Even assuming that both parties were guilty of the violation, it does not
always follow, as is appellant's contention, that both parties being in pari
delicto, should be left where they are. It has been held that "although the
parties are in pari delicto, yet the court may interfere and grant relief at the
suit of one of them, where public policy requires its intervention, even though
the result may be that a benefit will be derived by a plaintiff who is in equal
guilt with defendant."[4] In the case at bar, there is no question that contracts
and agreements concerning the transfer of rights or ownership of shares of
stock in a tour operator or agency should be as would assure the best
protection of the public, for as admitted by the appellant himself, the
"Department of Tourism would like to assure itself that the shares of stock
would not be sold to persons unfit to engage in the business of tour
operation," in line with the policy of the Government to make the tourist
industry a positive instrument towards accelerated national development.
Pursuant thereto, Presidential Decree No. 189, creating the Department of
Tourism, expressly confers upon it the function of licensing, regulating and
supervising travel agents, tour operators and tour guides,[5] to see to it that
only those persons and entities who are fit and responsible should engage in
tour operation business.

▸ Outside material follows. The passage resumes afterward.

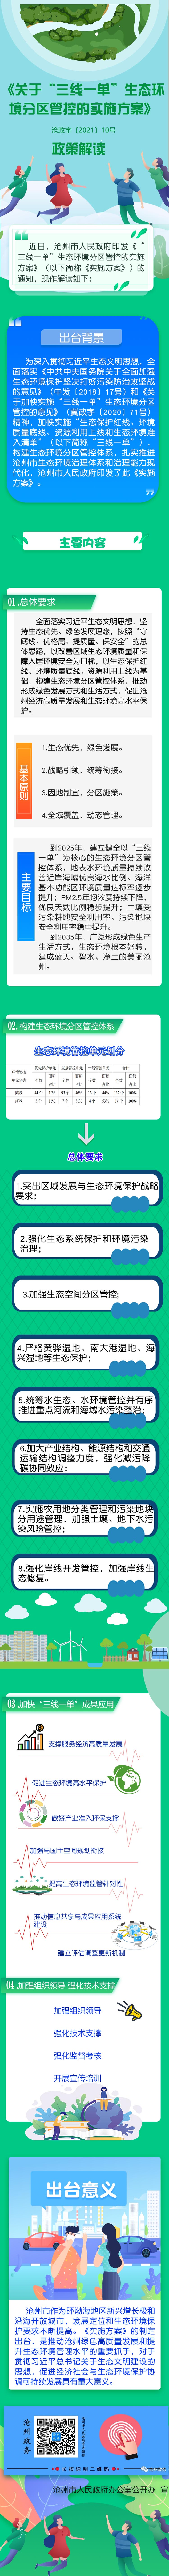 图说《河北省沧州市 “三线一单”生态环境分区管控方案》.jpg

Accordingly, the Department of Tourism
promulgated its "Rules and Regulations Governing the Business of Tour
Operators and Tour Guides,"[6] providing, among others, that prior approval
of the Department of Tourism is a requisite for the validity of transfers of
rights, of ownership of shares of stock in a tour operator or agency, and that a
violation of this rule and regulation is a ground for suspension/cancellation of
license and/or forfeiture of bond.
"Sec. 4-B. Any person violating or causing to violate any provision of this
Decree or of the rules and regulations or circulars promulgated by the
Department of Tourism pursuant to its power to license, classify, regulate
and/or supervise the operation of all persons, businesses establishments,
facilities and services that cater to, or have any thing to do with travelers and
tourists, both international and domestic, shall upon, conviction by a court of
competent jurisdiction, suffer the penalty of imprisonment of not less than
two (2) years nor more than five (5) years or a fine of not less than two
thousand pesos nor more than five thousand pesos or both, at the discretion of
the Court. In addition thereto such violation shall ipso facto constitute a valid
ground for the revocation of all privileges, permits and authorization granted
to such persons or entity under this Decree by the Department of Tourism. x
x x" (Underscoring supplied).
SO ORDERED.
CONCURRING OPINION
AQUINO, J.:
I concur in the result. The stock purchase agreement is not a contrato nulo,
anulable or unenforceable contract. It is a rescissible contract under articles
1191, 1547(2) and 1599(4) of the Civil Code because the seller, Conrado
Velayo, failed to comply with his representation and warranty in paragraph
III(b) and (f) of the contract of sale (Exh. A) that Ric Tours of the
Philippines, Inc. is a domestic corporation "in good standing and is engaged
in the business of transporting, entering and servicing of tourists" and "is duly
authorized and licensed to operate as a tour operator by the Department of
Tourism" (pp. 20-21, Record on Appeal).
Not to rescind the contract and not to require Velayo to return the price of
P367,500 with legal rate of interest would enable him to enrich himself
unjustly at the expense of the Yuchengcos.